(Provided data)
☆ ☆ ☆ ☆ ☆ ☆ ☆

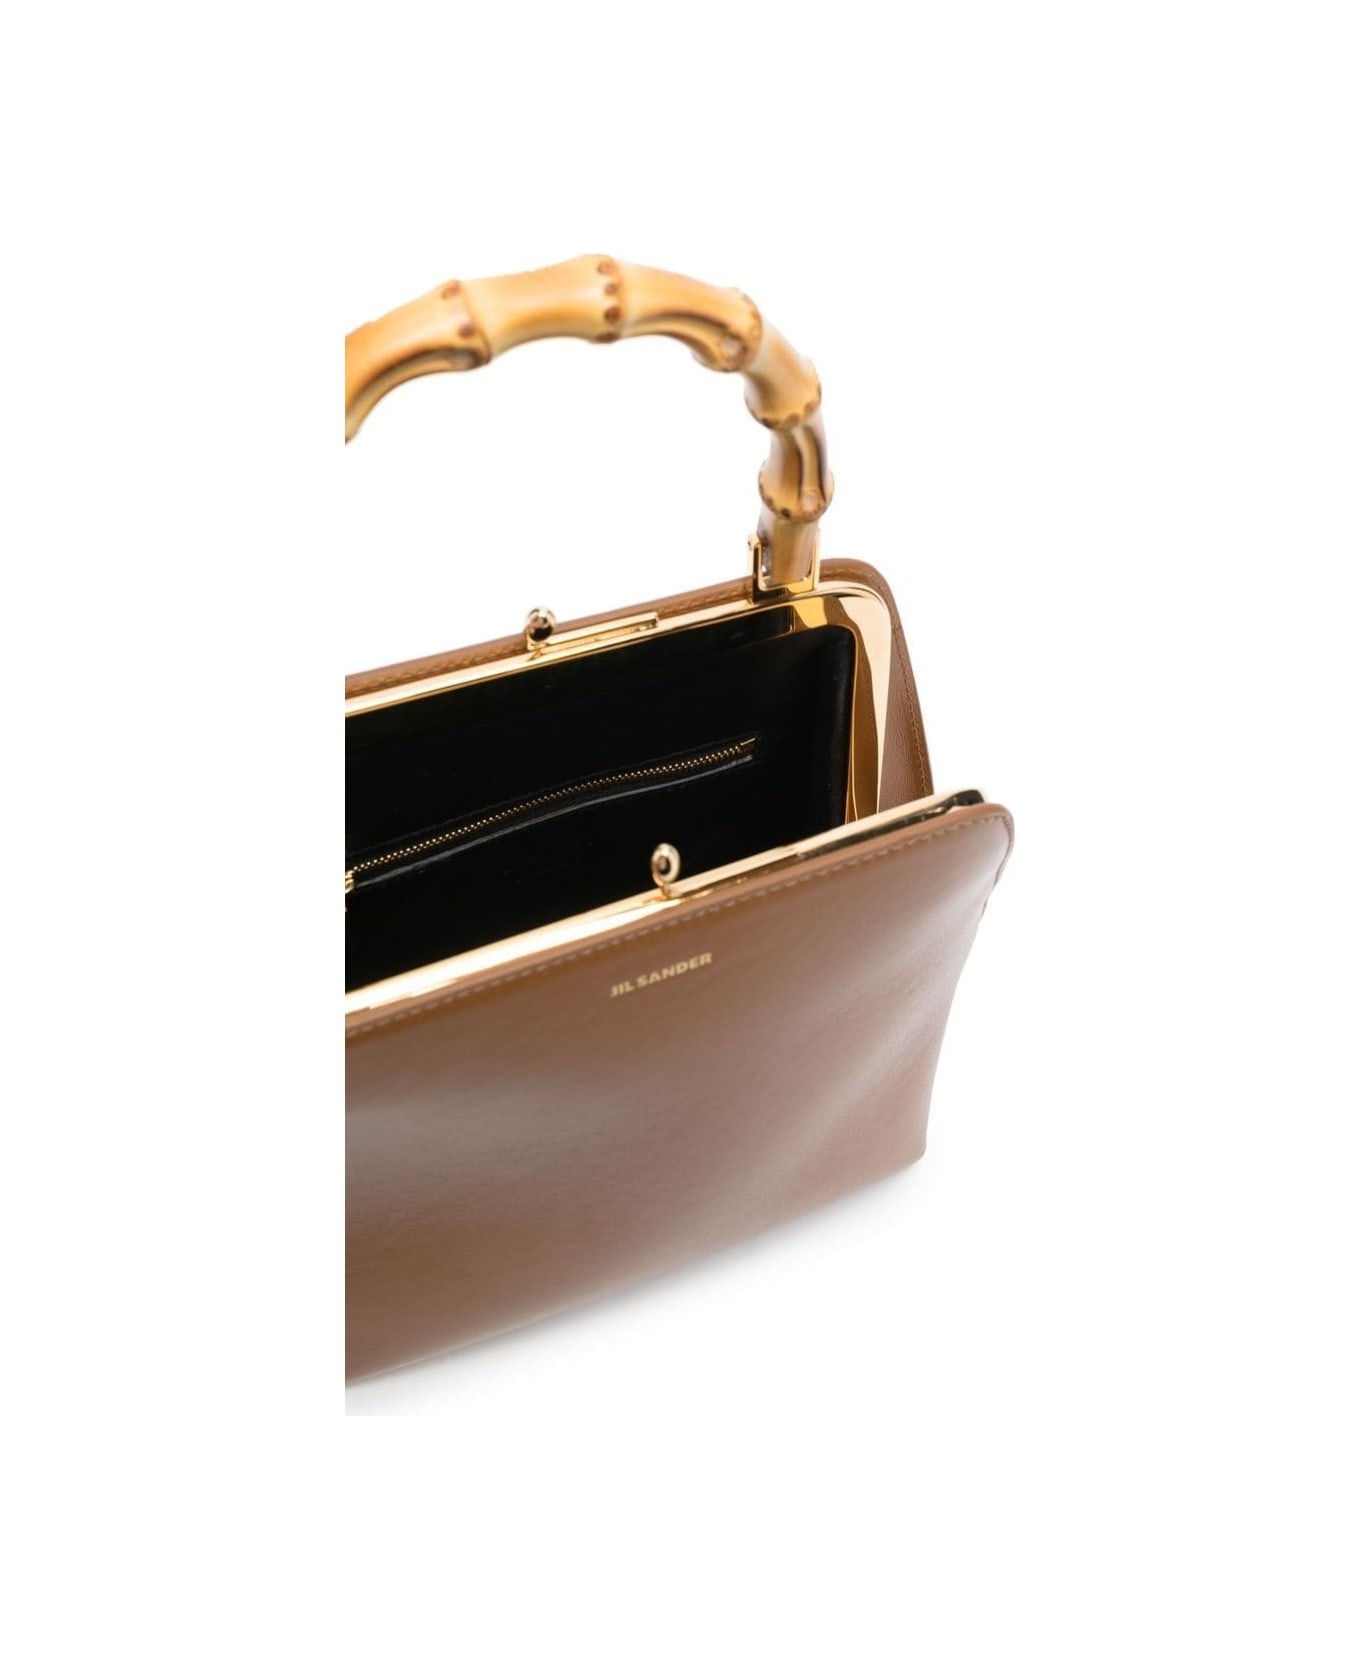 Jil Sander Brown Goji Square Handbag With Bamboo Handle In Leather Woman - Cammello トートバッグ
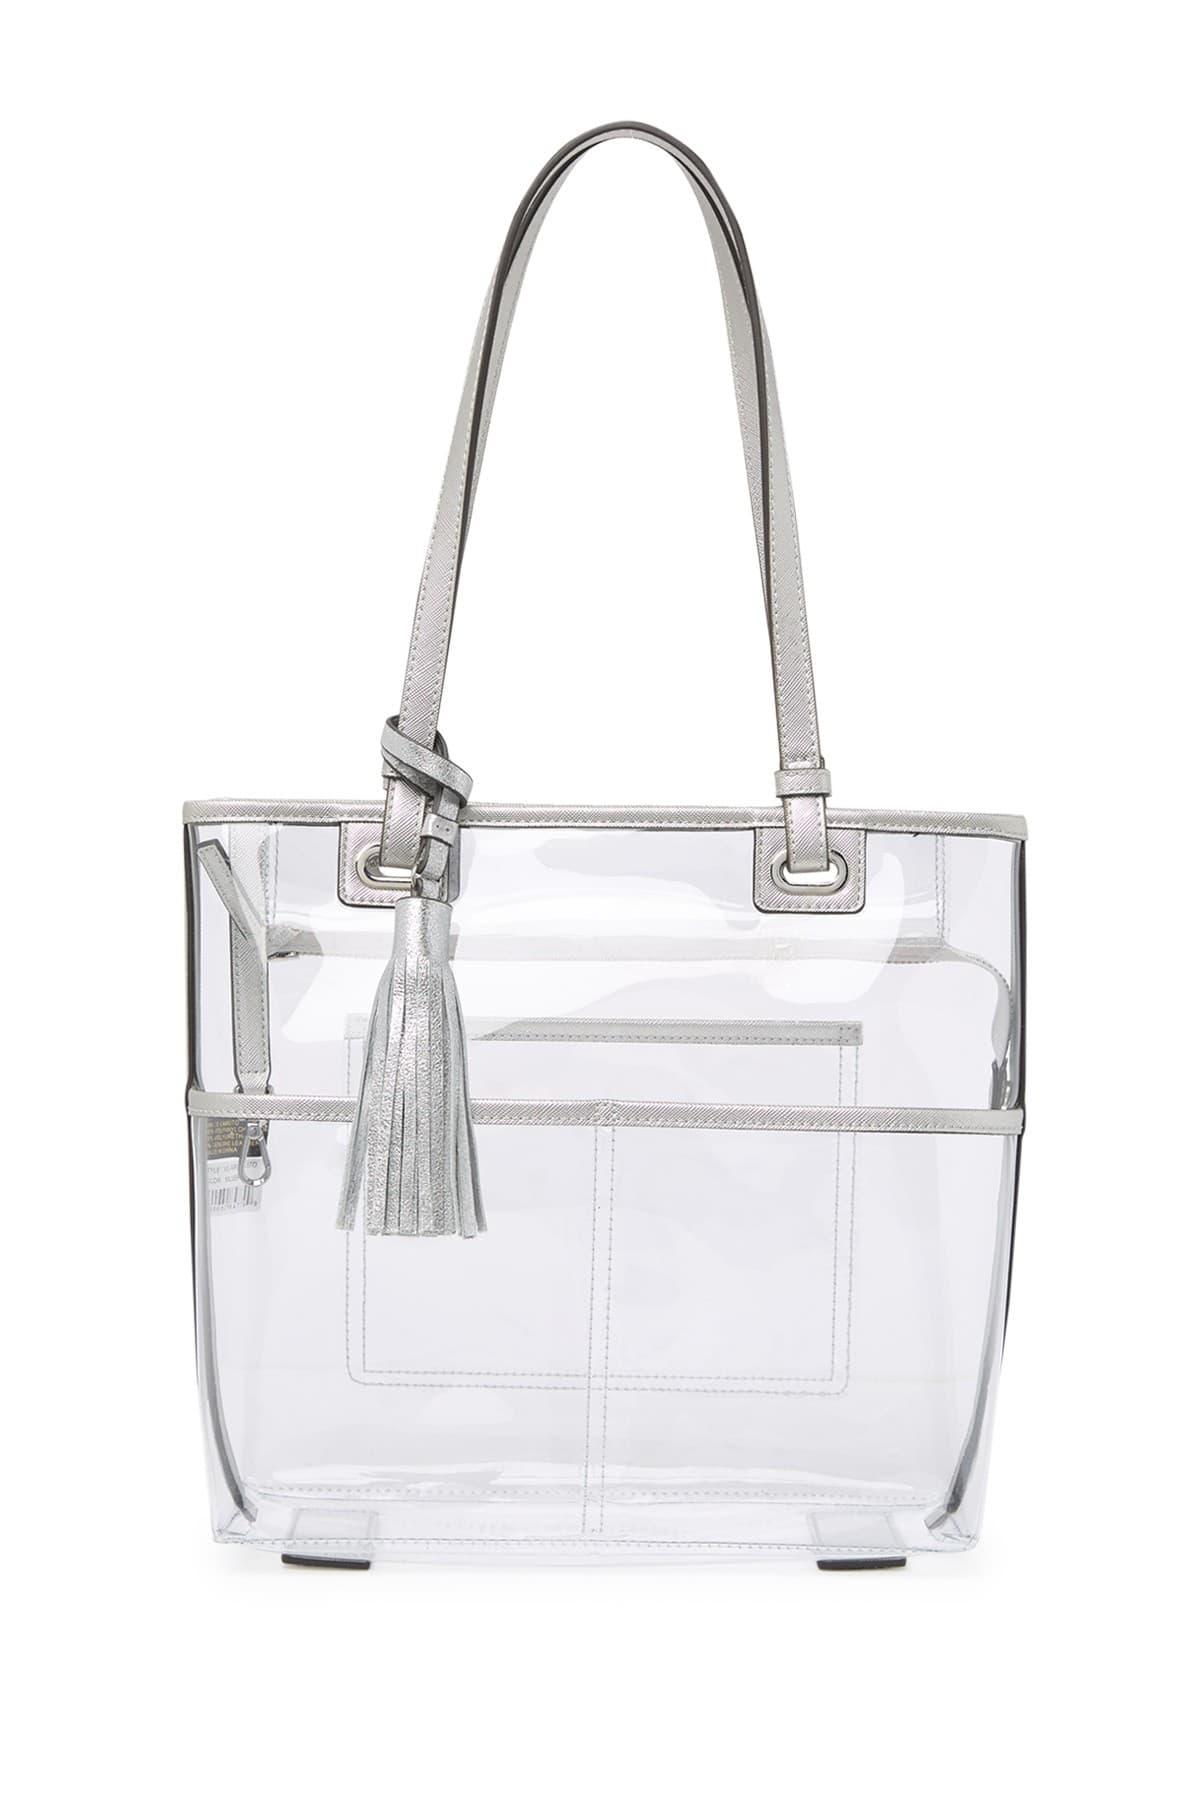 Vince Camuto Aryna Clear Small Colorblock Tote Bag in Metallic
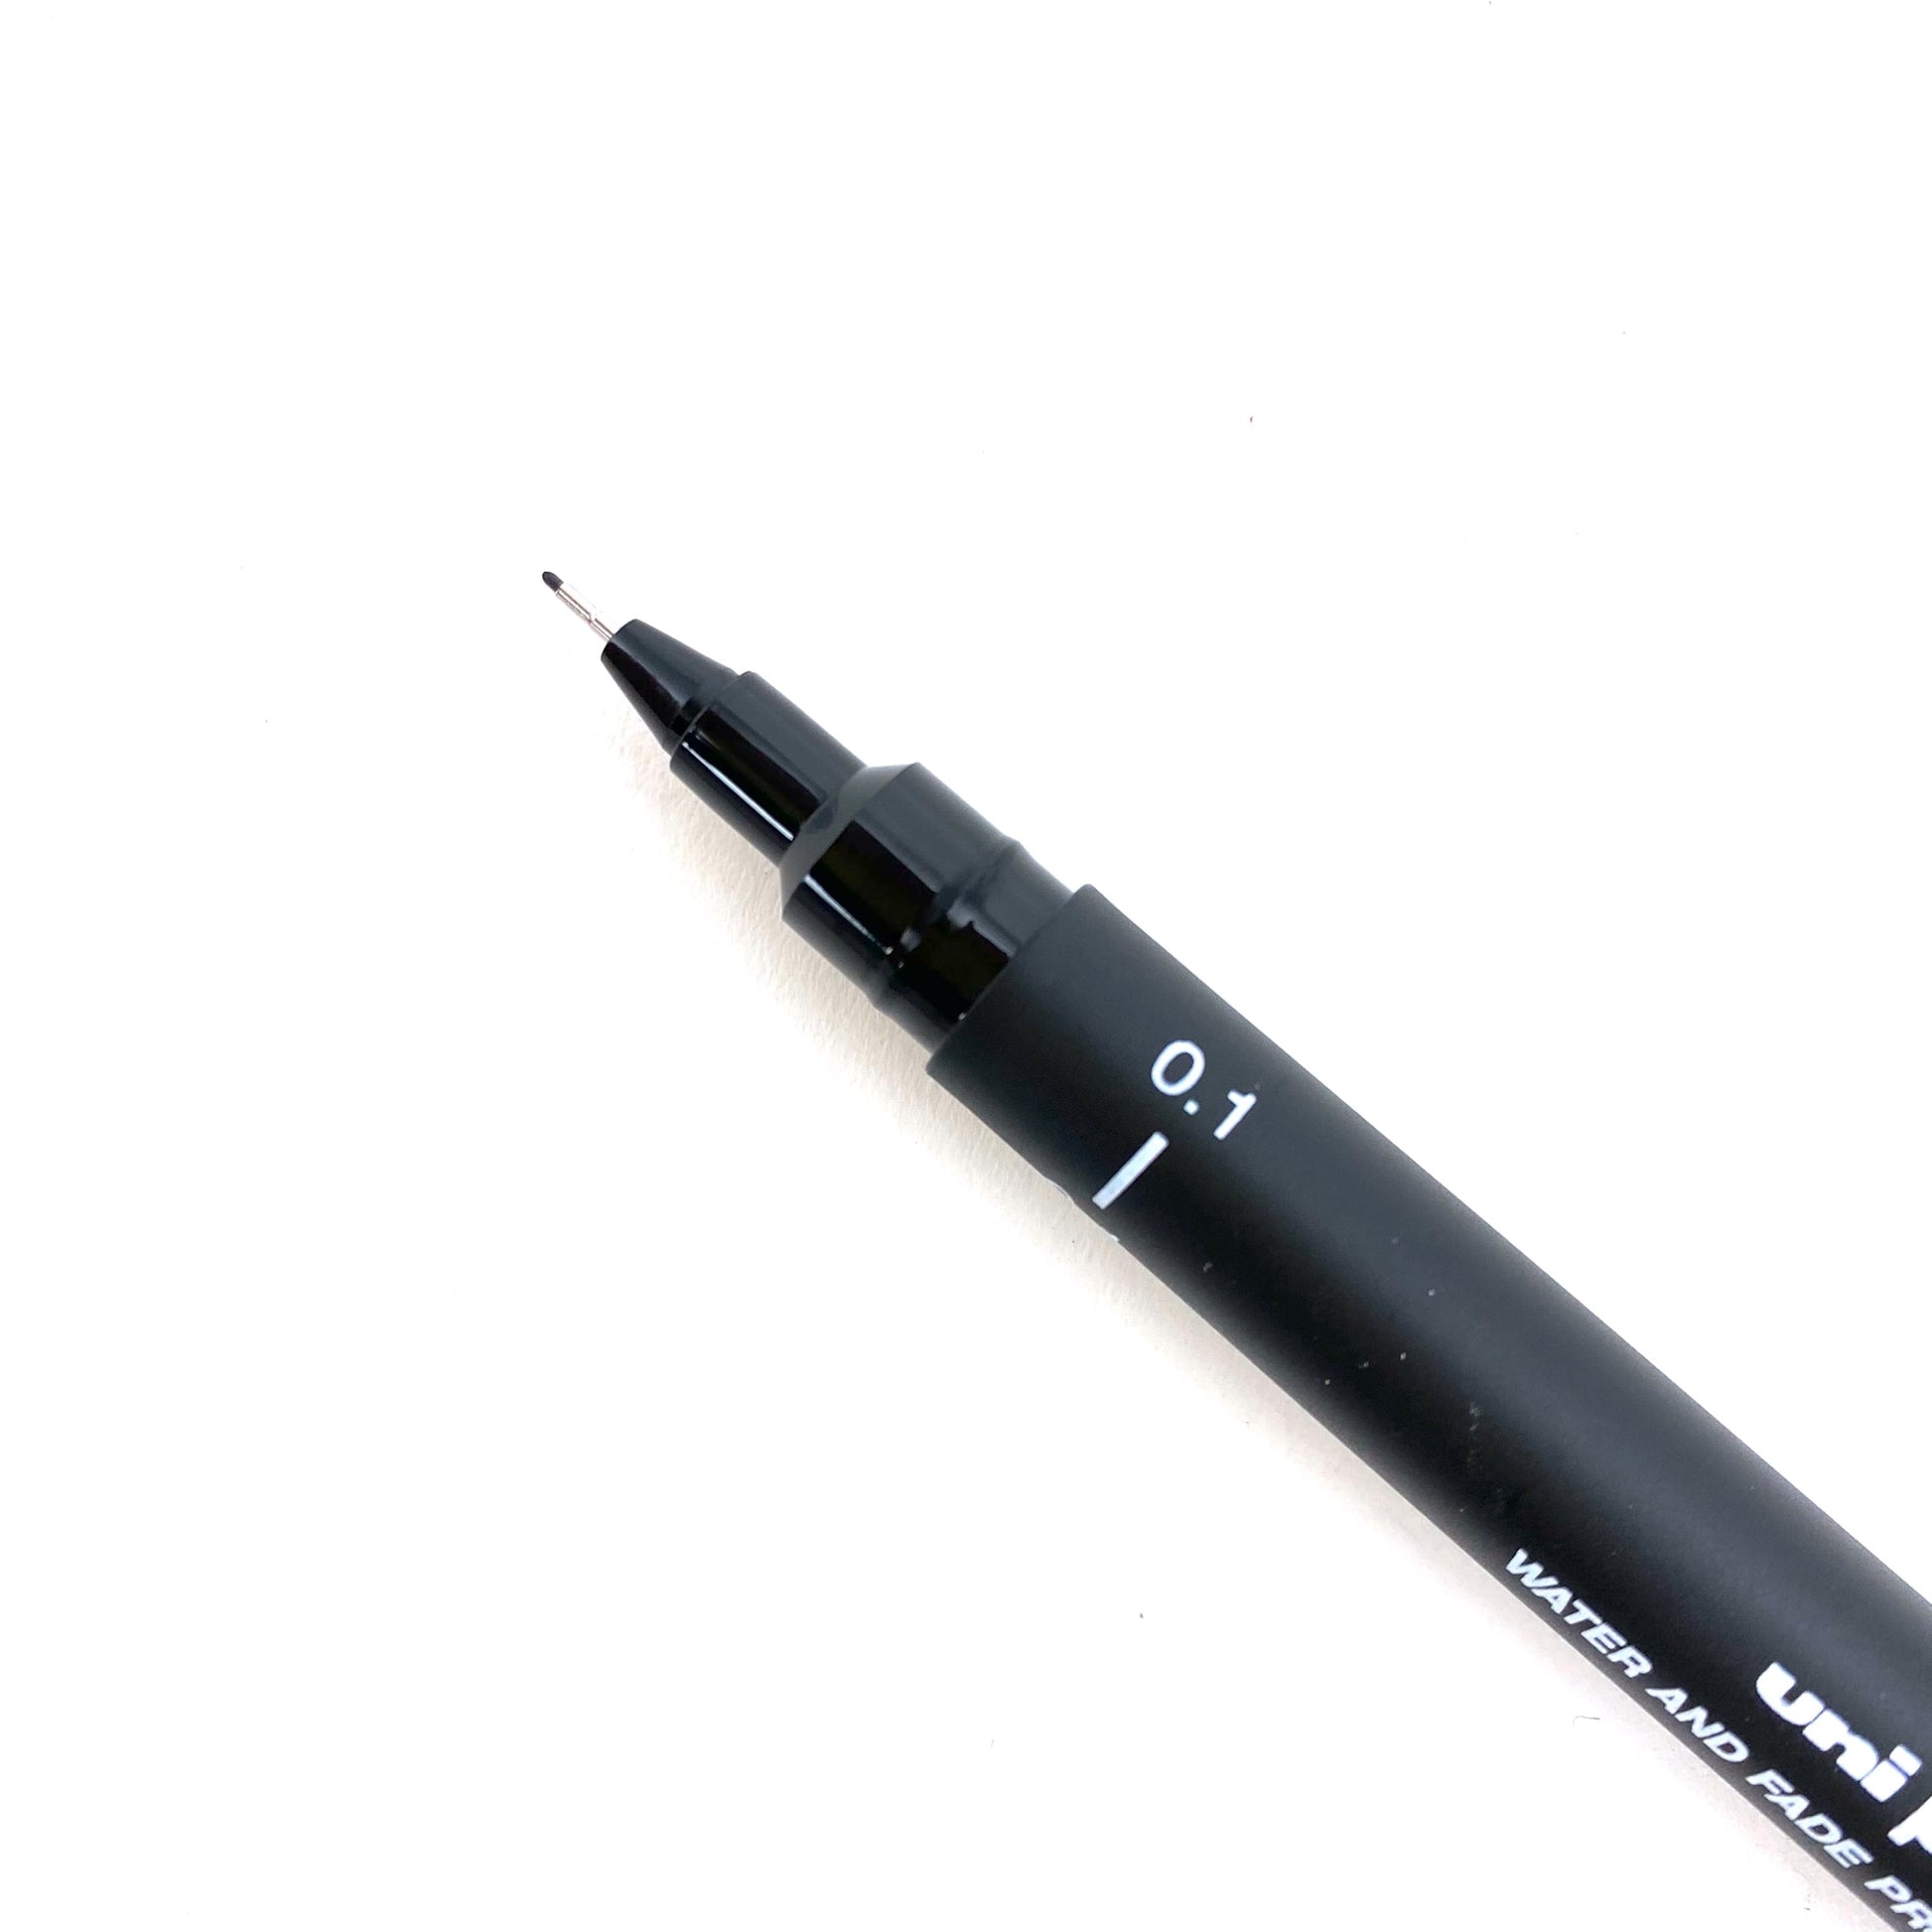 Pin, Fine Line Drawing Pens

☆ ☆ ☆ ☆ ☆ ☆ ☆

(Task details) Please print the listing above again word for word, without its pictures.

(Exercise output)
 Jil Sander Brown Goji Square Handbag With Bamboo Handle In Leather Woman - Cammello トートバッグ
 Vince Camuto Aryna Clear Small Colorblock Tote Bag in Metallic
 Pin, Fine Line Drawing Pens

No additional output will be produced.